Multi-Output Regression

Prediction

import matplotlib.pyplot as plt
from wbml.plot import tweak

from stheno import B, Measure, GP, EQ, Delta


class VGP:
    """A vector-valued GP."""

    def __init__(self, ps):
        self.ps = ps

    def __add__(self, other):
        return VGP([f + g for f, g in zip(self.ps, other.ps)])

    def lmatmul(self, A):
        m, n = A.shape
        ps = [0 for _ in range(m)]
        for i in range(m):
            for j in range(n):
                ps[i] += A[i, j] * self.ps[j]
        return VGP(ps)


# Define points to predict at.
x = B.linspace(0, 10, 100)
x_obs = B.linspace(0, 10, 10)

# Model parameters:
m = 2
p = 4
H = B.randn(p, m)

# Construct latent functions.
prior = Measure()
us = VGP([GP(EQ(), measure=prior) for _ in range(m)])
fs = us.lmatmul(H)

# Construct noise.
e = VGP([GP(0.5 * Delta(), measure=prior) for _ in range(p)])
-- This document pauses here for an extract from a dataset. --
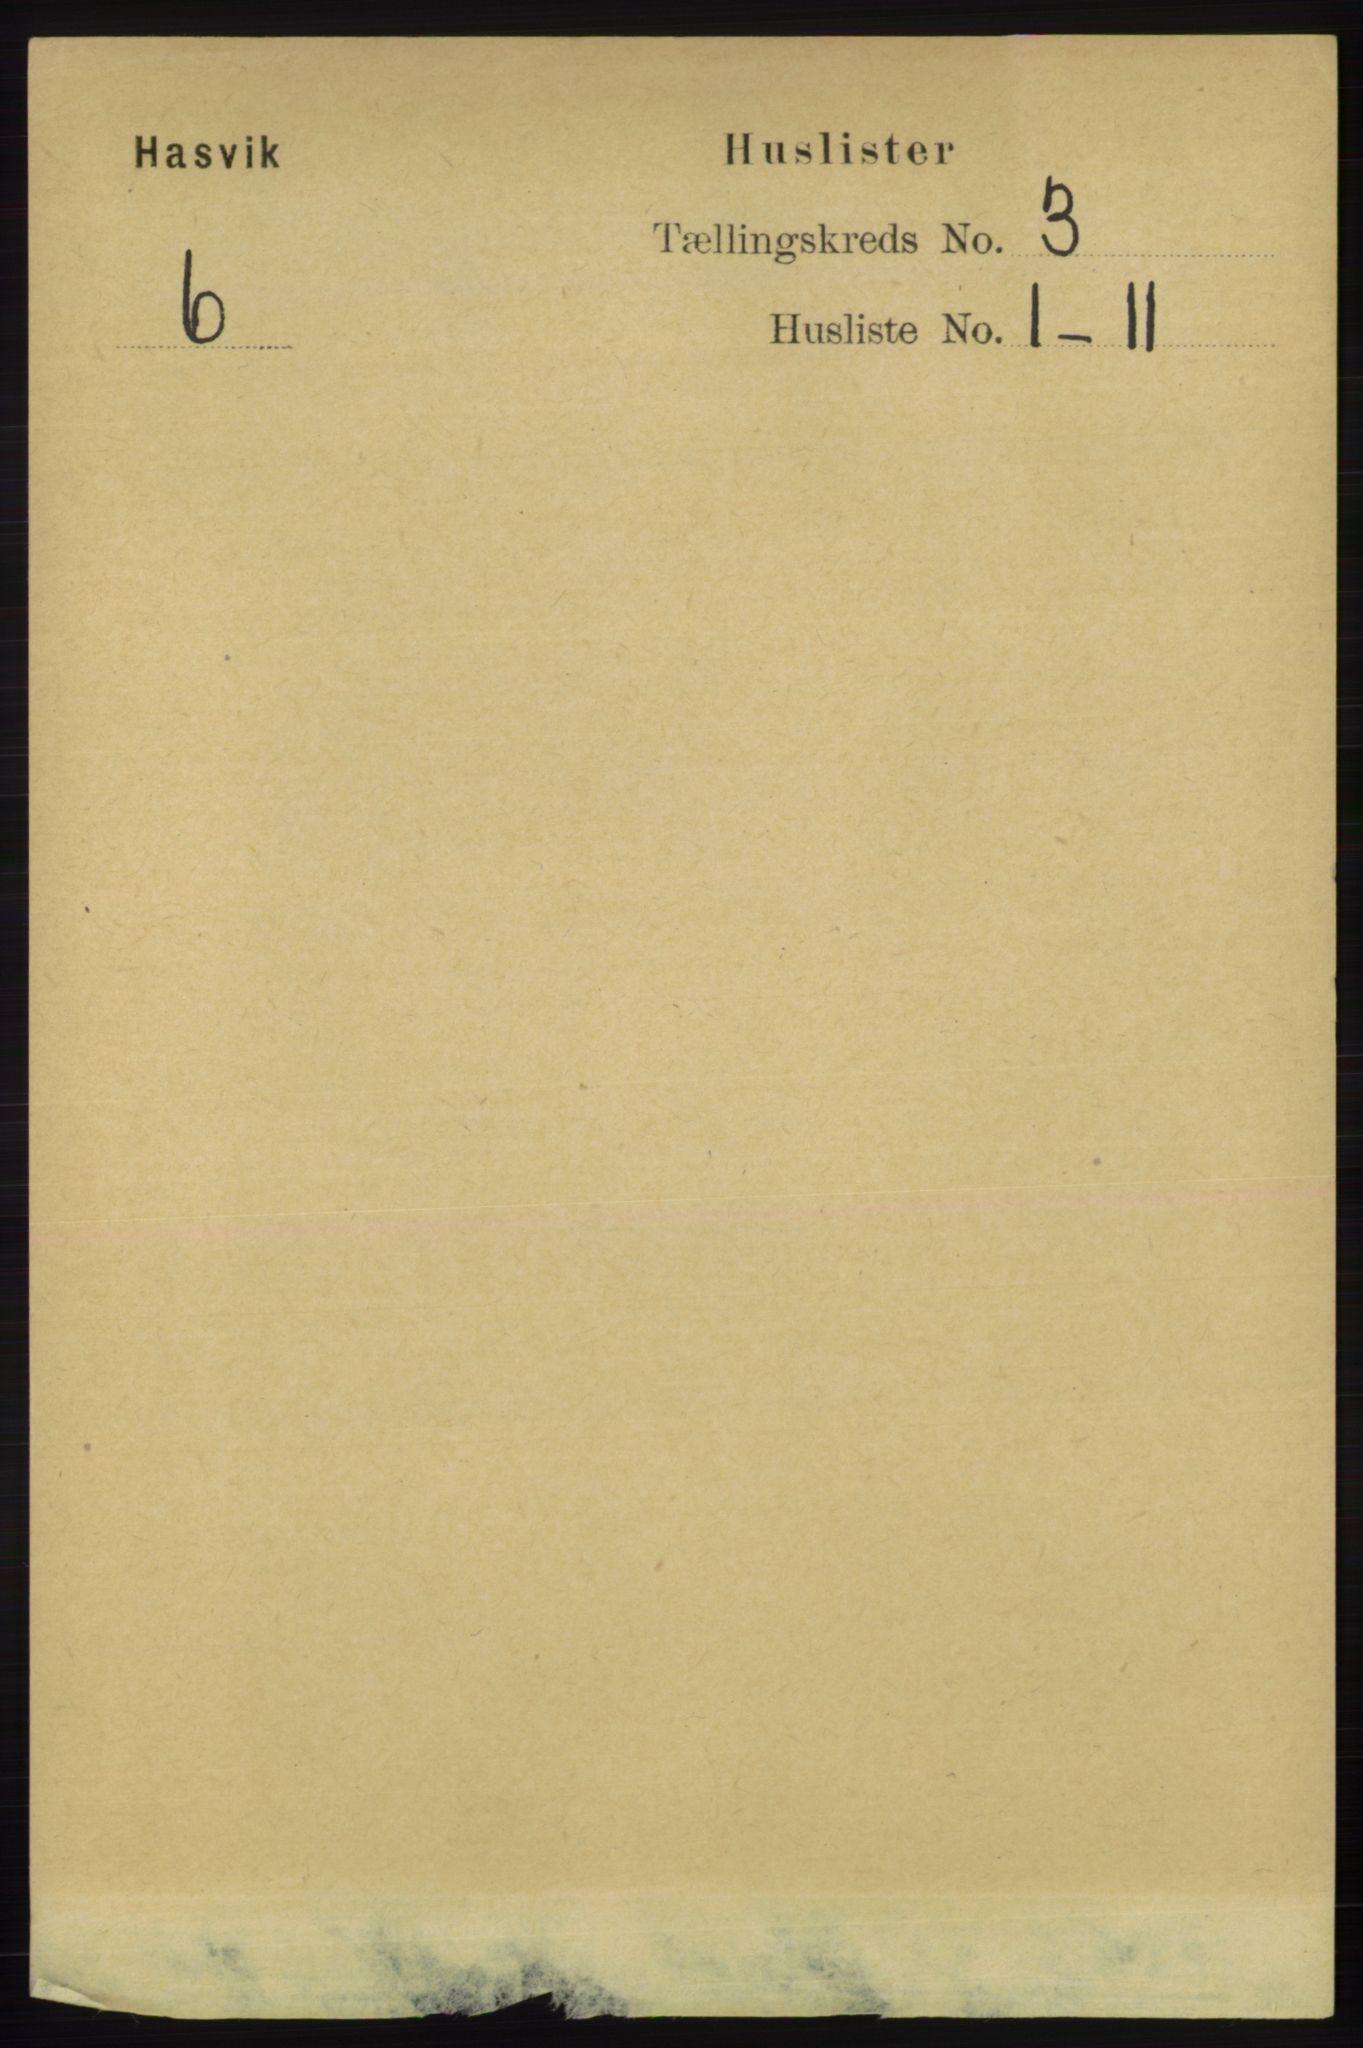 RA, Folketelling 1891 for 2015 Hasvik herred, 1891, s. 388
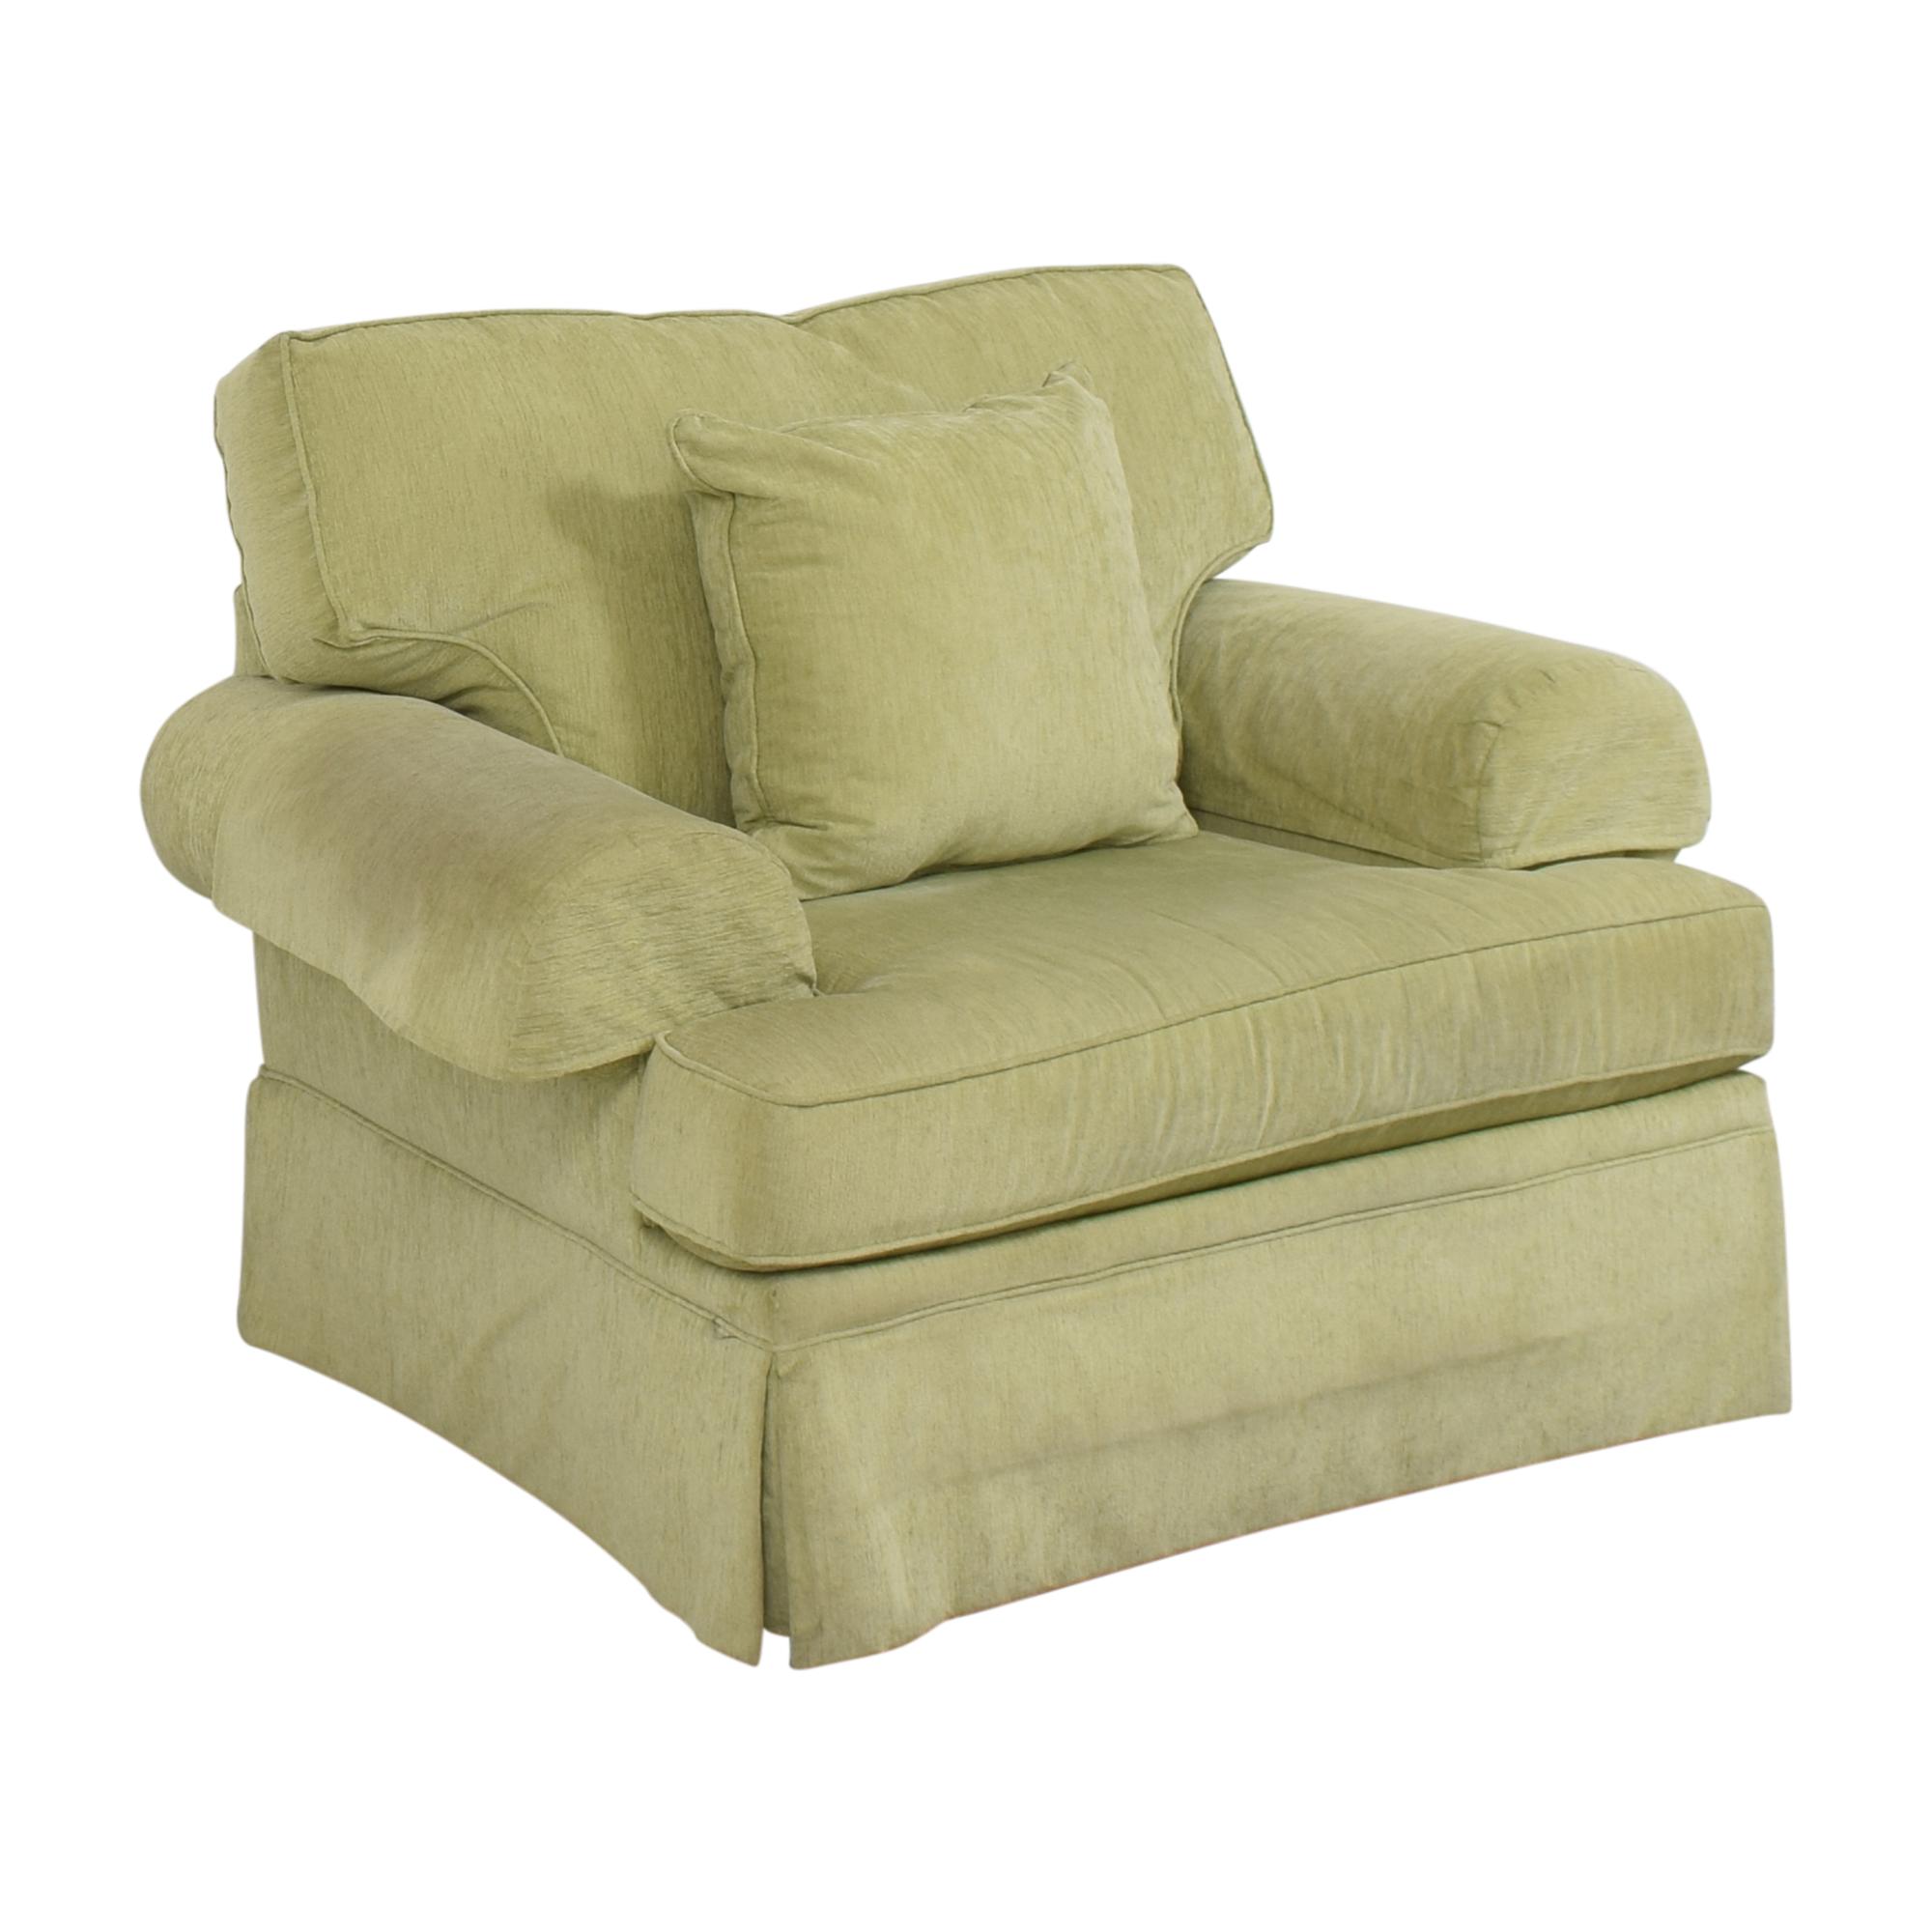 Flexsteel Flexsteel Skirted Chair and a Half pa

# Construct observation model.
ys = e + fs

# Sample a true, underlying function and observations.
samples = prior.sample(*(p(x) for p in fs.ps), *(p(x_obs) for p in ys.ps))
fs_true, ys_obs = samples[:p], samples[p:]

# Compute the posterior and make predictions.
post = prior | (*((p(x_obs), y_obs) for p, y_obs in zip(ys.ps, ys_obs)),)
preds = [post(p(x)).marginals() for p in fs.ps]


# Plot results.
def plot_prediction(x, f, pred, x_obs=None, y_obs=None):
    plt.plot(x, f, label="True", style="test")
    if x_obs is not None:
        plt.scatter(x_obs, y_obs, label="Observations", style="train", s=20)
    mean, lower, upper = pred
    plt.plot(x, mean, label="Prediction", style="pred")
    plt.fill_between(x, lower, upper, style="pred")
    tweak()


plt.figure(figsize=(10, 6))
for i in range(4):
    plt.subplot(2, 2, i + 1)
    plt.title(f"Output {i + 1}")
    plot_prediction(x, fs_true[i], preds[i], x_obs, ys_obs[i])
plt.savefig("readme_example4_multi-output.png")
plt.show()

Approximate Integration

Prediction

import matplotlib.pyplot as plt
import numpy as np
import tensorflow as tf
import wbml.plot

from stheno.tensorflow import B, Measure, GP, EQ, Delta

# Define points to predict at.
x = B.linspace(tf.float64, 0, 10, 200)
x_obs = B.linspace(tf.float64, 0, 10, 10)

# Construct the model.
prior = Measure()
f = 0.7 * GP(EQ(), measure=prior).stretch(1.5)
e = 0.2 * GP(Delta(), measure=prior)

# Construct derivatives.
df = f.diff()
ddf = df.diff()
dddf = ddf.diff() + e

# Fix the integration constants.
zero = B.cast(tf.float64, 0)
one = B.cast(tf.float64, 1)
prior = prior | ((f(zero), one), (df(zero), zero), (ddf(zero), -one))

# Sample observations.
y_obs = B.sin(x_obs) + 0.2 * B.randn(*x_obs.shape)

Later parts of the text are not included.